The half-rotten baby I'd just seen wasn't only sleeping, though. That baby would never bloom. Ever. Until that moment I hadn't known how truly evil hatred and prejudice makes people.

I continued to stare misty-eyed at the old tree in front of me while behind me the dead were being harvested : one by one . . . men and women . . . boys and girls.


But today was a quiet day. I got back to the bivouac area and found a letter from my parents waiting for me on my cot. My best friend in the unit, Mike Simmons, a private first class like me, was there. His cot is next to mine and he was already laid out on it, reading a letter he had received.

"Who's that from ?" I asked him as I opened the envelope from my mom and dad.

He stopped reading and gazed up at me. "Oh," he said. His eyes looked as tired as mine felt. "It's from a buddy of mine back home in Michigan. We went to high school together. He goes to the university there now and he's kind of turned into a jerk. You know, one of those people who think they fuckin know everything just because they're in college. Never mind the fact that he's never gone further away from home then to Florida to look at girls in wet t-shirts for spring break."

I nodded and told him that I knew the type. He returned his eyes back to the letter.

"At least he writes, though," he finished, and then continued to read. Outside a pair of low-flying fighter jets screamed by.

I read the letter from home. The news was basically the same as always : everyone was fine, my nephews were growing fast, the weather was cold but probably nothing compared to what I was in the middle of, they all missed me, and so on. I could tell my mom had written the letter, but at the bottom, in my father's neat, block handwriting, was a quick little note. "Hang in there, son. We're all very proud," it said. My dad doesn't always say much, but sometimes the things he does say make all the difference in the world. I smiled.

I started to fold the letter back up, when next to me Mike suddenly blurted out, "You gotta be kiddin' me!" He held the letter from his high-school friend in both hands out in front of him, staring at it with an incredulous look on his face. "You gotta be kiddin," he said again.

"What ?" I asked. "What'd he say ?"

Mike stood up and handed me the letter. "Read the last paragraph," he told me, shaking his head. "Fuckin college know-it-all," he grumbled, sitting back on his cot.

I took the letter and skimmed down to the bottom. The handwriting was typical male chicken scratch, but it was readable. I got to the last paragraph.

"Well, I better get going, Mikey Boy," it said. "I got final exams this week and I should study. Man, you're lucky not having to cram with schoolwork like this while you're over there playing soldier. I'll bet you're glad they got you doing that peacekeeping shit instead of putting you in the middle of a real war. Otherwise you might have to see some fucked up shit."
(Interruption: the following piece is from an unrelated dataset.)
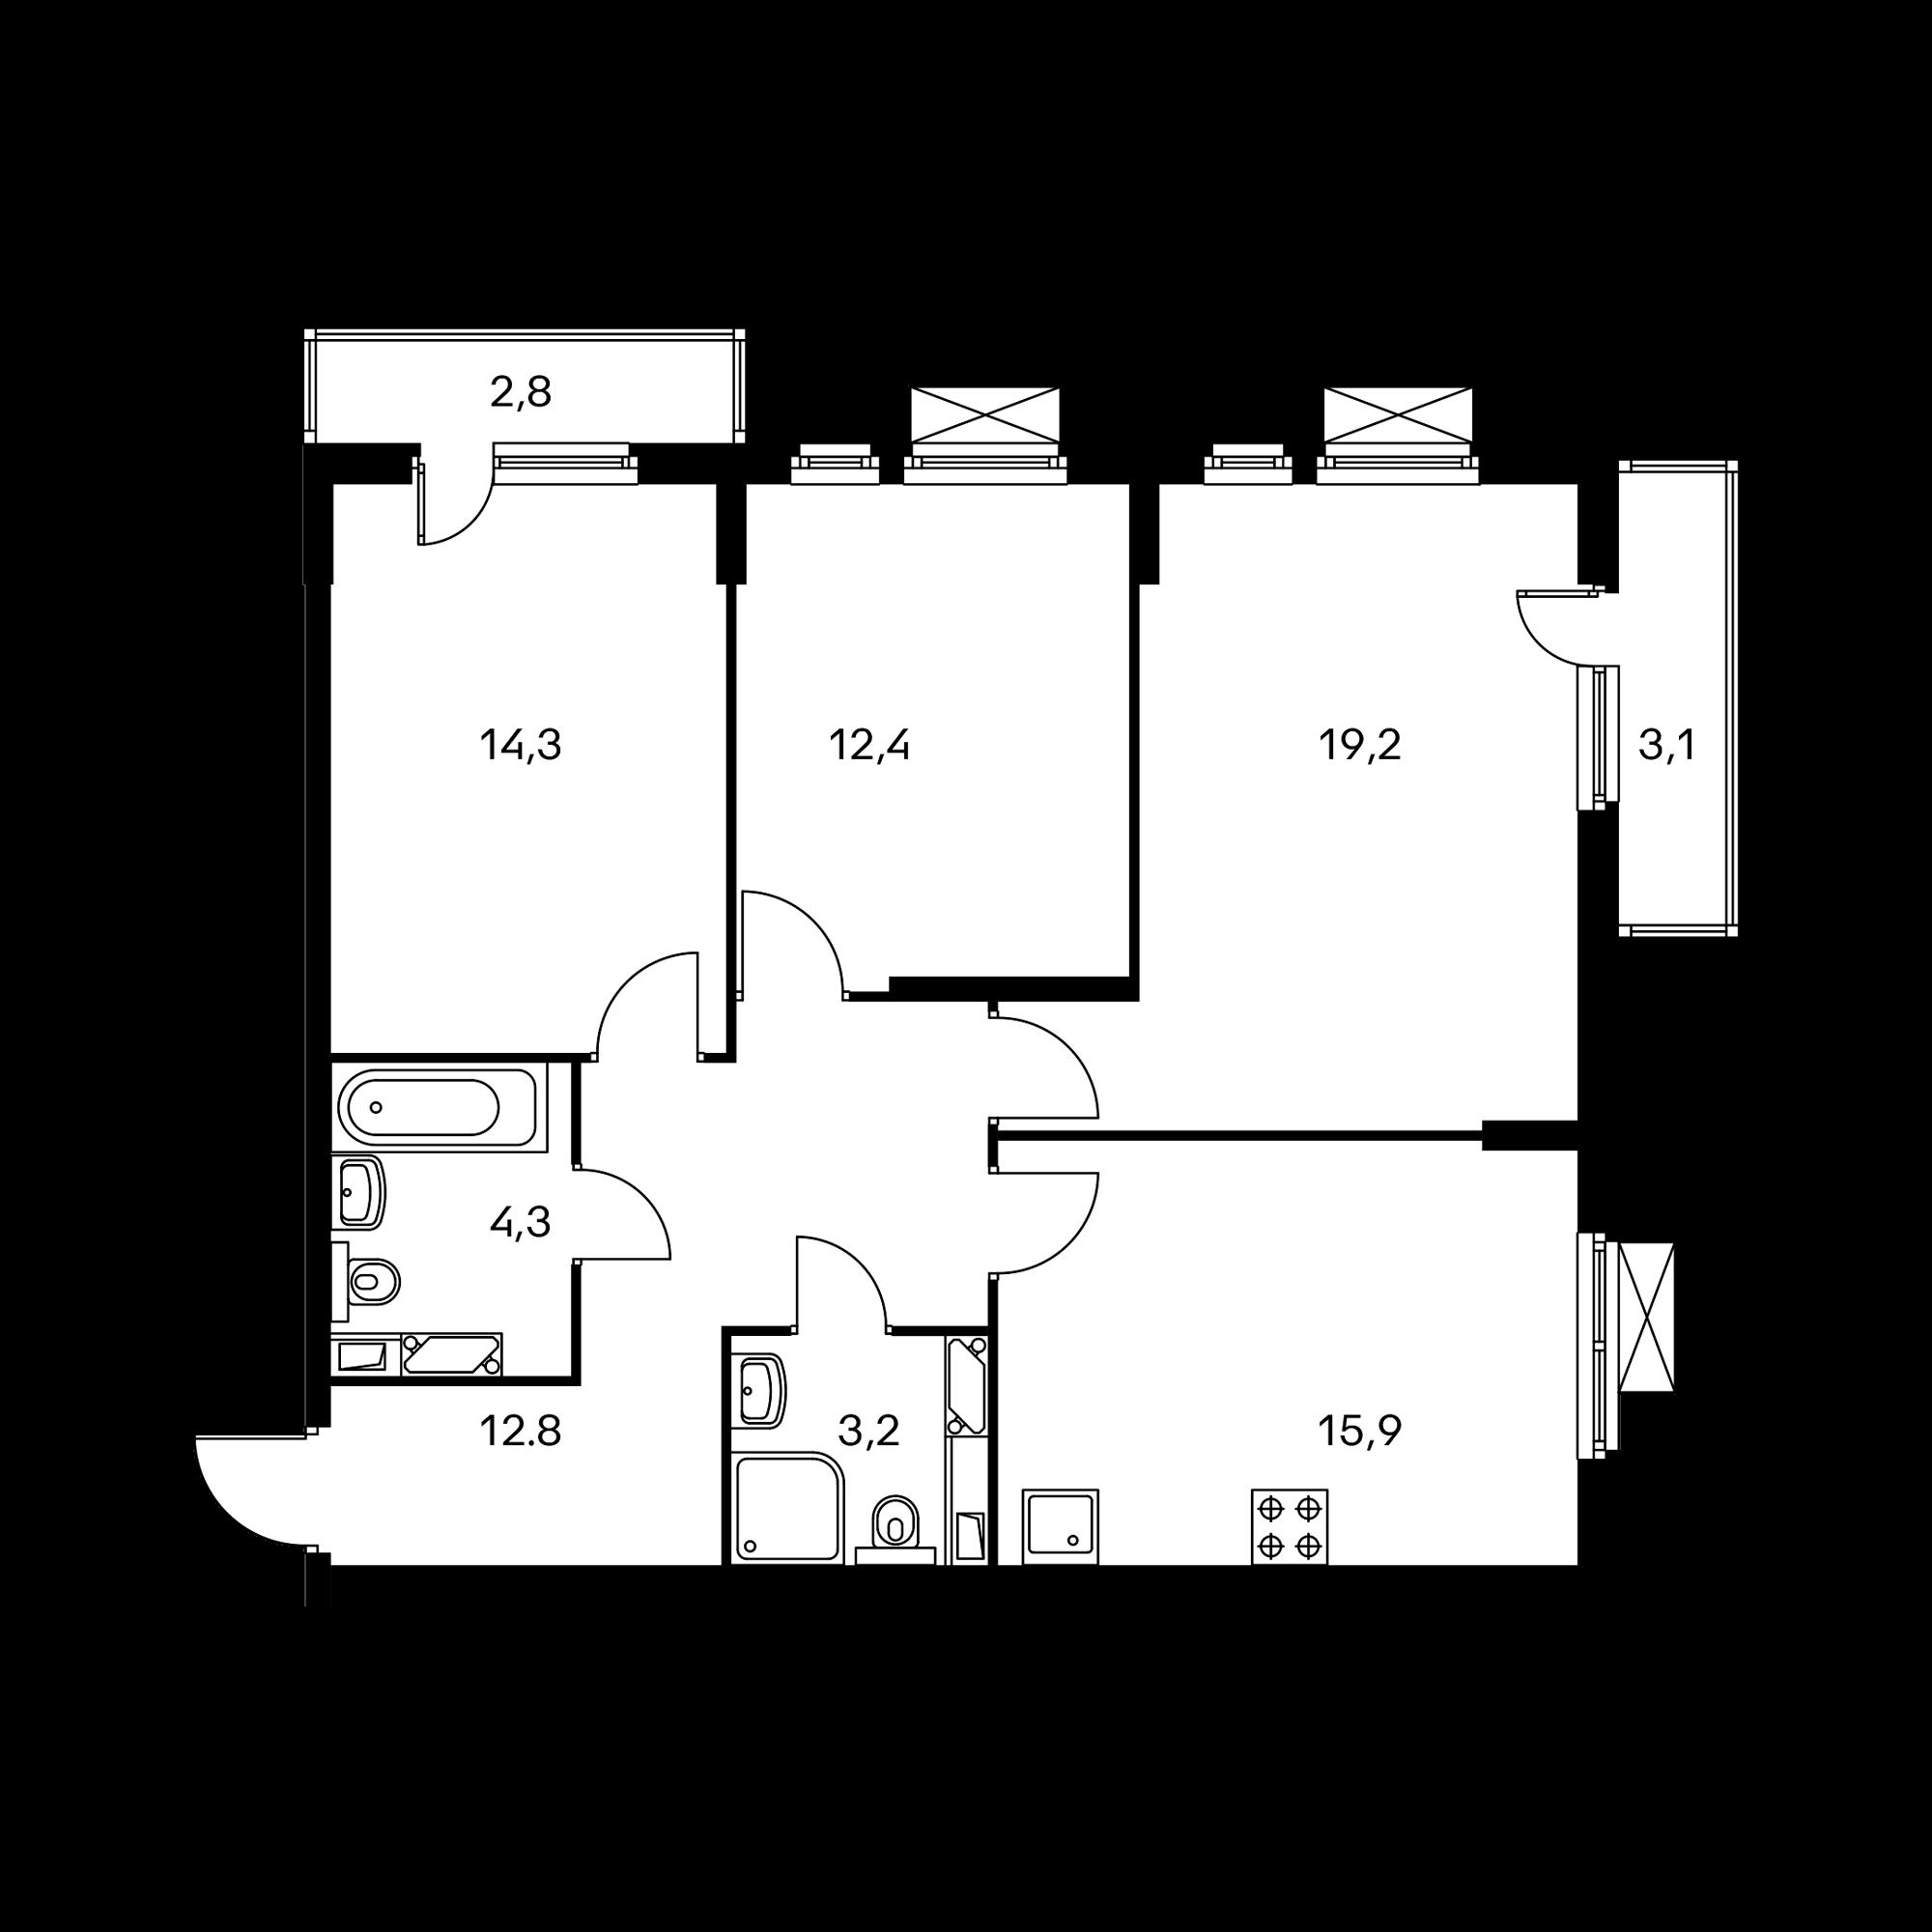 3KL1_4B

I stopped at that point. I thought about the blood on Corporal Watson's face. I thought about the French kid dying in my arms. I thought about the U.N. guy carrying the bloated corpse of that baby. I thought about how much these people hate, hate, hate each other. The thoughts spun through my brain like a tornado after I read that paragraph, and I felt angry . . . betrayed even.

What the fuck do people think ? I wondered. What do they think this is all about ?

I continued to stare at the letter for a second, then I looked up at Mike and smiled. I mean, what else could I do ?

"Well," I said, my smile growing even bigger. "At least he writes."

We both started laughing then. Uninhibited and raucous, we laughed until there were tears in our eyes. Yeah . . . we laughed and laughed, so loud that for once we couldn't hear the violent sounds of "peacekeeping" outside.